## [Directions for this task]
The listing below contains a span that opens with the line containing "Manufacturing Worker Pushing" and closes with the line containing "2013 Chevy Equinox - $11,458". Return that span exactly.

-------- Exercise input --------

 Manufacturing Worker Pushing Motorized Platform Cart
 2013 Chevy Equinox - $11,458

--------
-------- Exercise input --------

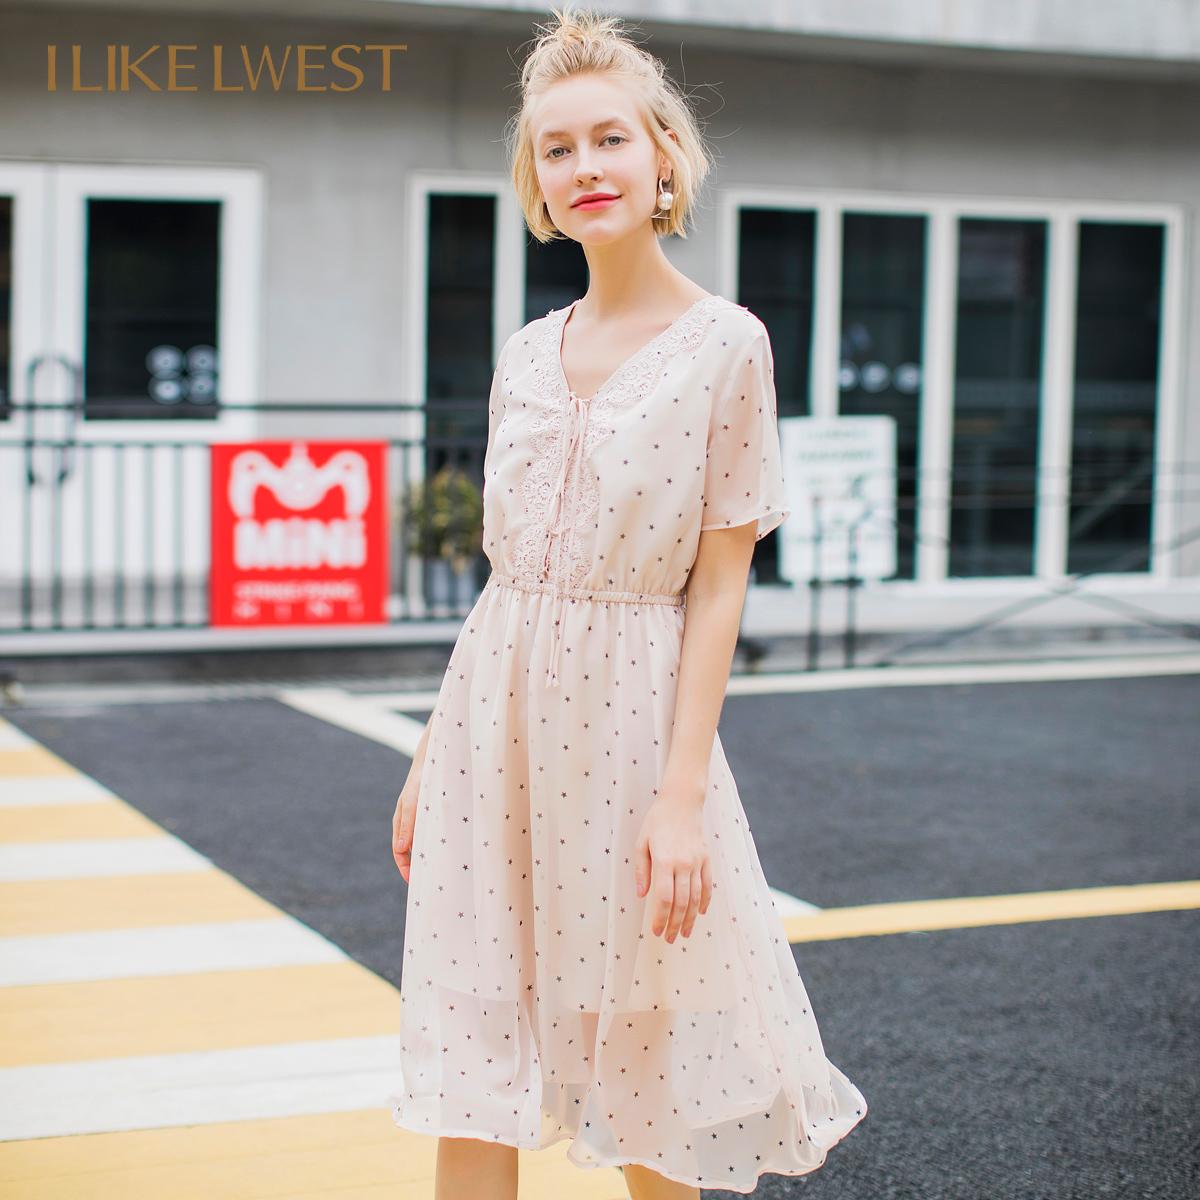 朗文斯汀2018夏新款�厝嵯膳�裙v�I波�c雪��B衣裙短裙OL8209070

--------
-------- Exercise input --------

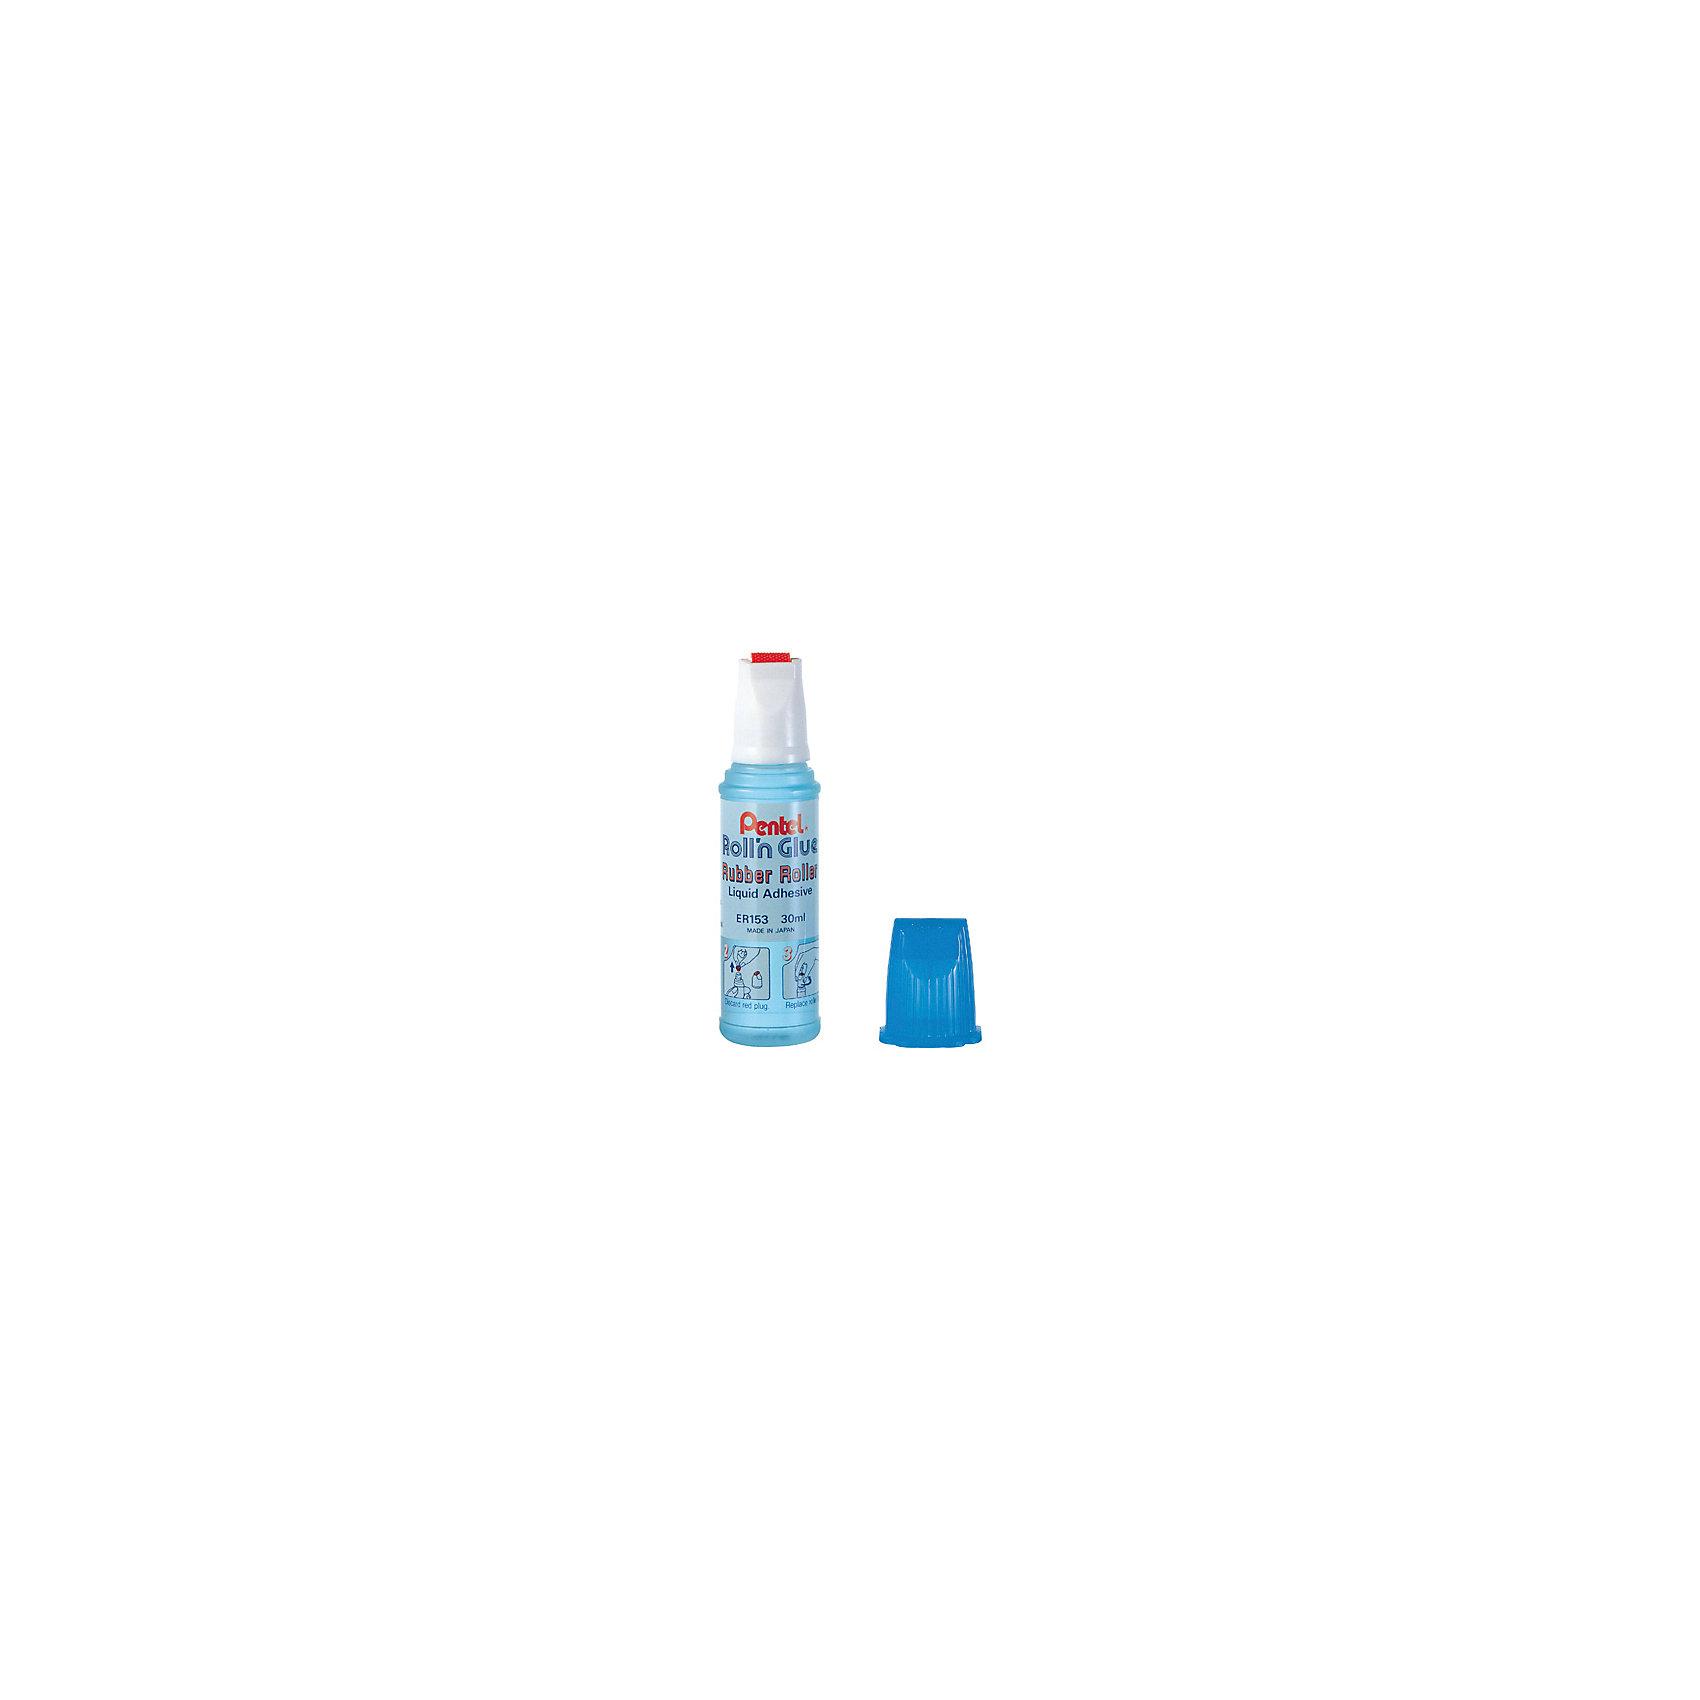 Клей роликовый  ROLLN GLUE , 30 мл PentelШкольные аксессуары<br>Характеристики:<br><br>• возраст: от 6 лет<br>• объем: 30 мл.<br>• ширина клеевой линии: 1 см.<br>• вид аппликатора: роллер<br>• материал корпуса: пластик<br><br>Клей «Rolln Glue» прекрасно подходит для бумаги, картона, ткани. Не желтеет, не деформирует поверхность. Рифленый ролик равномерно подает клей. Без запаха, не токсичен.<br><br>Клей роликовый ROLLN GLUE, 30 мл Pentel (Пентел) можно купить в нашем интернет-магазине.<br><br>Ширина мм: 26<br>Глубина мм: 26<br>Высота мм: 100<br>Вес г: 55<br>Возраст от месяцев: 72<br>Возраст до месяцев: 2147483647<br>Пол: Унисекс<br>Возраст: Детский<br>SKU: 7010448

--------

## [Task output]
 Manufacturing Worker Pushing Motorized Platform Cart
 2013 Chevy Equinox - $11,458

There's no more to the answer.